"Wprowadzenia zasady, że w każdym okręgu wyborczym wybiera się co najmniej trzech posłów" do Parlamentu Europejskiego - tego chcą posłowie PiS, którzy złożyli w Sejmie projekt nowelizacji ustawy. Obecnie nie ma sztywnego przyporządkowania liczby posłów do okręgów. Zależy to od wyników uzyskanych przez poszczególne komitety wyborcze w całej Polsce.
Projekt nowelizacji kodeksu wyborczego posłowie PiS złożyli w Sejmie w czwartek 21 czerwca.
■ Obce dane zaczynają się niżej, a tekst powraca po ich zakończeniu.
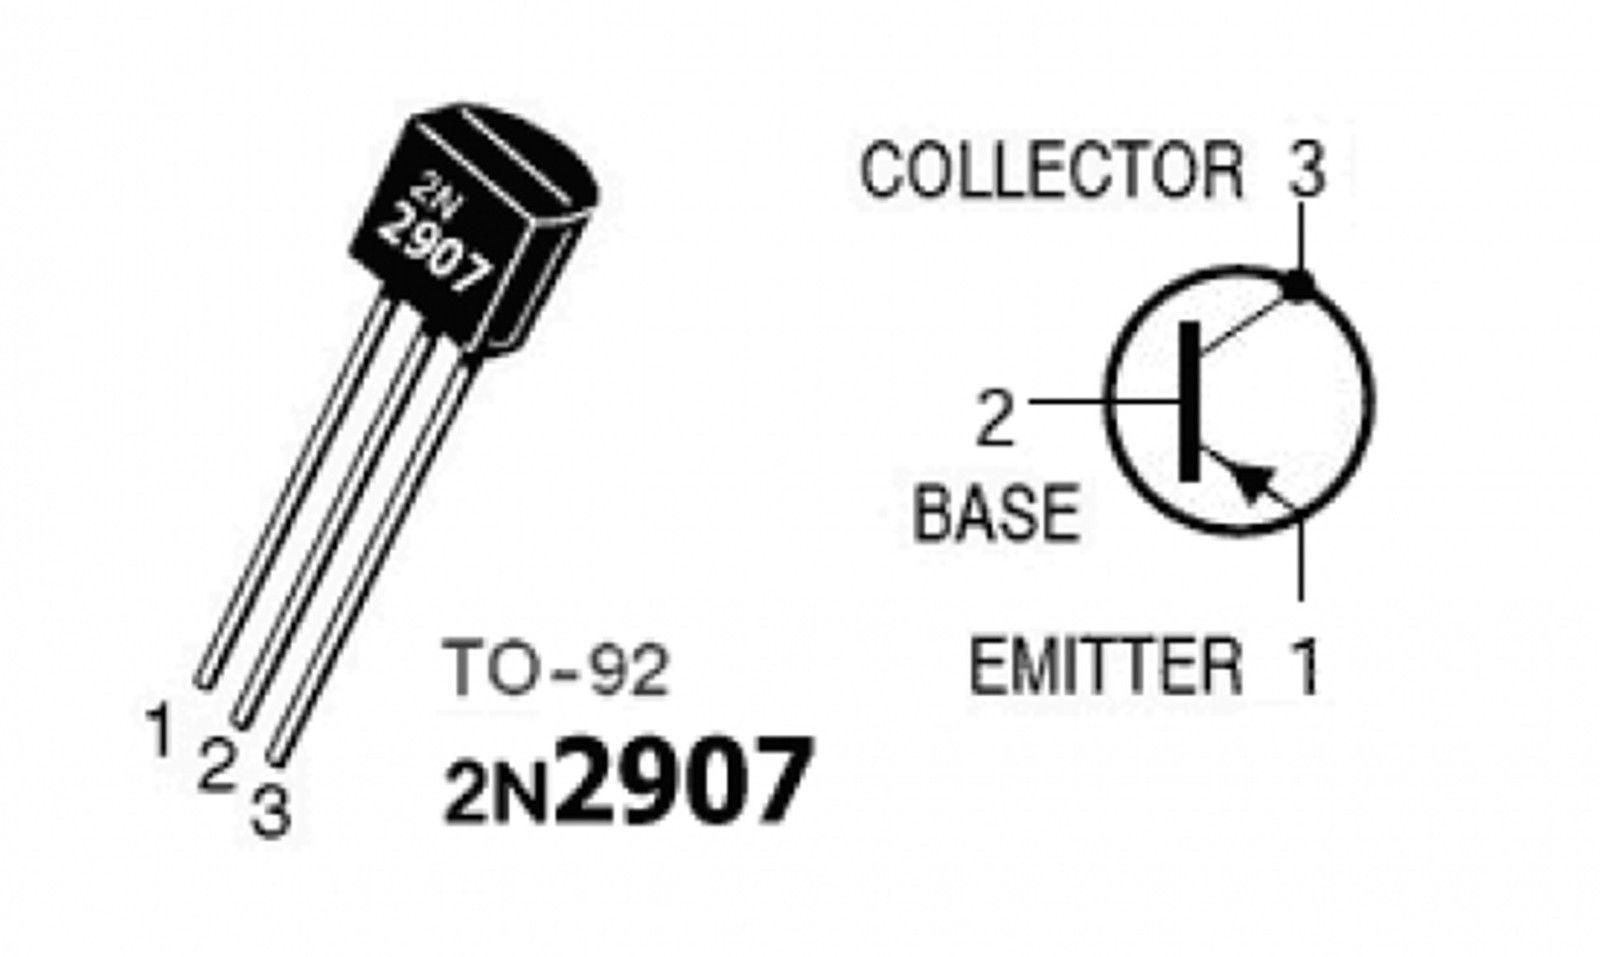 10 x 2n2907 pnp bipolar transistor to

Przedstawicielem wnioskodawców jest Artur Zasada, 49-letni prawnik wybrany do Sejmu w okręgu zielonogórskim, zasiadający między innymi w komisji kontroli państwowej i nadzwyczajnej komisji do rozpatrzenia projektów ustaw z zakresu prawa wyborczego.
"Wyborca będzie wiedział"
- Dzięki naszym zmianom wyborca, idąc do wyborów, będzie wiedział, ilu posłów w jego okręgu wyborczym będzie wybieranych. Dzisiaj tego nie wie, dzisiaj ta liczba nie jest z góry ustalona. Zależy od rozkładu głosów - tłumaczył w piątek Zasada.
Zgłoszony projekt przewiduje ścisłe przyporządkowanie trzech lub więcej mandatów do każdego z trzynastu okręgów wyborczych. Nie ma w nim - przynajmniej na razie - pomysłu zmiany granic okręgów wyborczych.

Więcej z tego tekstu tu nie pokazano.